Erbetrat die erwachende Stadt Tyrsis, unauffällig in der Mitte einer Schar von Händlern und Reisenden. Stundenlang wanderte er durch die fast verlassenen Kasernen der Grenzlegion, sprach mit Soldaten und suchte Hinweise auf seine Freunde. Endlich konnte er in Erfahrung bringen, daß sie vor zwei Tagen abends erschienen und direkt zum Palast gegangen seien. Man habe sie nicht wieder auftauchen sehen, aber man nehme allgemein an, Balinor habe nur kurz seinen Vater besucht und sei dann wieder fortgegangen. Höndel wußte, was das bedeutete, und postierte sich für den Rest des Tages in der Nähe des Palastbereiches. Er bemerkte, daß der Palast gut bewacht wurde, von Soldaten mit dem Abzeichen eines Falken, das er nicht kannte. Sie standen an den Haupttoren und in der ganzen Stadt, und andere Einheiten schien es offenbar nicht zu geben. Selbst wenn er Balinor am Leben fand und ihn zu befreien vermochte, würde es nicht einfach sein, die Herrschaft über die Stadt wiederzuerlangen und die Grenzlegion zusammenzurufen. Der Zwerg hörte nichts von einer Invasion aus dem Norden, und es hatte ganz den Anschein, daß die Bevölkerung völlig ahnungslos war. Höndel konnte nicht begreifen, daß Palance Buckhannah sich weigerte, die Stadt gegen eine so ungeheuerliche Bedrohung wie jene durch den Dämonen-Lord zu verteidigen. Wenn Tyrsis fiel, würde der jüngere Sohn Ruhl Buckhannahs keinen Thron mehr besitzen. Höndel betrachtete das Gelände im Volkspark unter der Brücke von Scendicgenau, und als es dunkel wurde, setzte er seinen Plan in die Tat um.

Er blieb nun in dem dunklen Raum kurz stehen, um das Fenster fest zu schließen. Er befand sich in einem kleinen Arbeitszimmer.

An den Wänden standen gefüllte Bücherregale. Es war die Privatbibliothek der Buckhannah-Familie, ein Luxus in diesen Zeiten, da kaum noch Bücher geschrieben wurden und nur wenige lesen konnten. Die Großen Kriege hatten jede Art von Literatur nahezu beseitigt. Eine Privatbibliothek zu besitzen, mit Hunderten von Bänden, und sie lesen zu können, war ein Vorzug, den nur wenige genossen.

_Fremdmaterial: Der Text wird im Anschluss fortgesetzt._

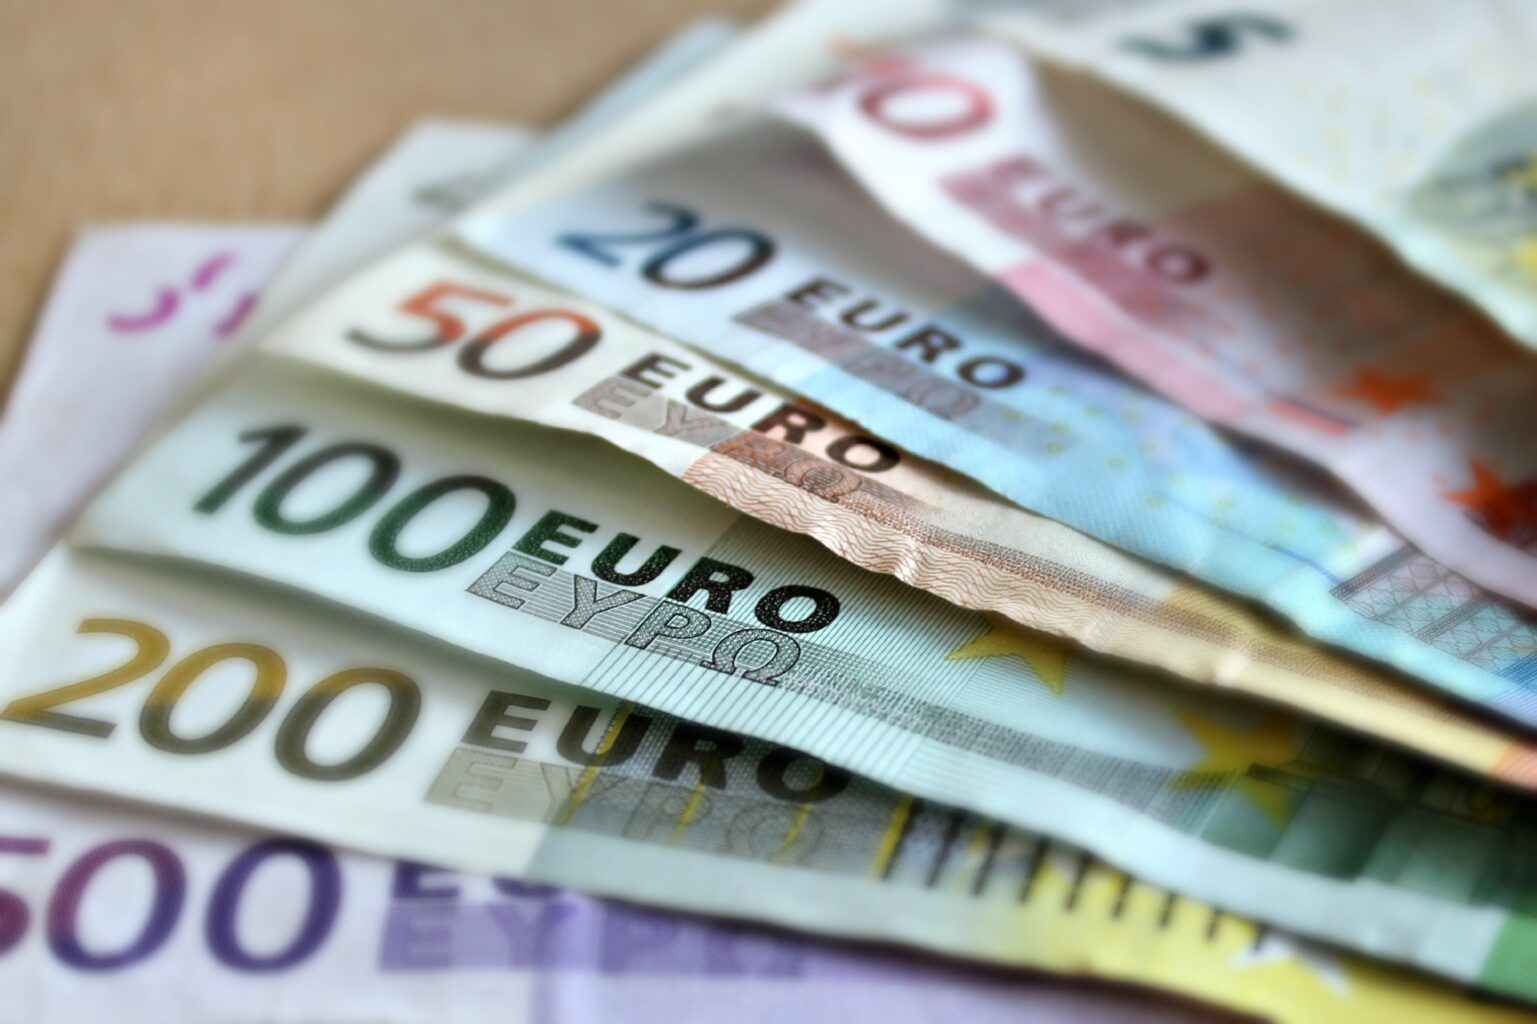  Euro Stoxx 50 Conhe a O Principal ndice De A es Da Zona Do Euro

Aber Höndel befaßte sich nicht mit dem Raum, als er auf katzenleisen Sohlen zur Tür schlich, unter der er einen Lichtschein erkannte. Vorsichtig starrte der Zwerg hinaus. Niemand zeigte sich, aber er sah plötzlich ein, daß er sich über den nächsten Schritt noch keine genauen Gedanken gemacht hatte. Balinor und die Elfen mochten überall im Palast sein. Nachdem er sich schnell die Alternativen überlegt hatte, kam er zu dem Schluß, daß sie, wenn sie noch am Leben waren, in den Kellern unter dem Palast eingeschlossen sein mußten. Dort gedachte er zuerst zu suchen. Er lauschte noch einen Augenblick, atmete tief ein und trat dann in den beleuchteten Korridor hinaus.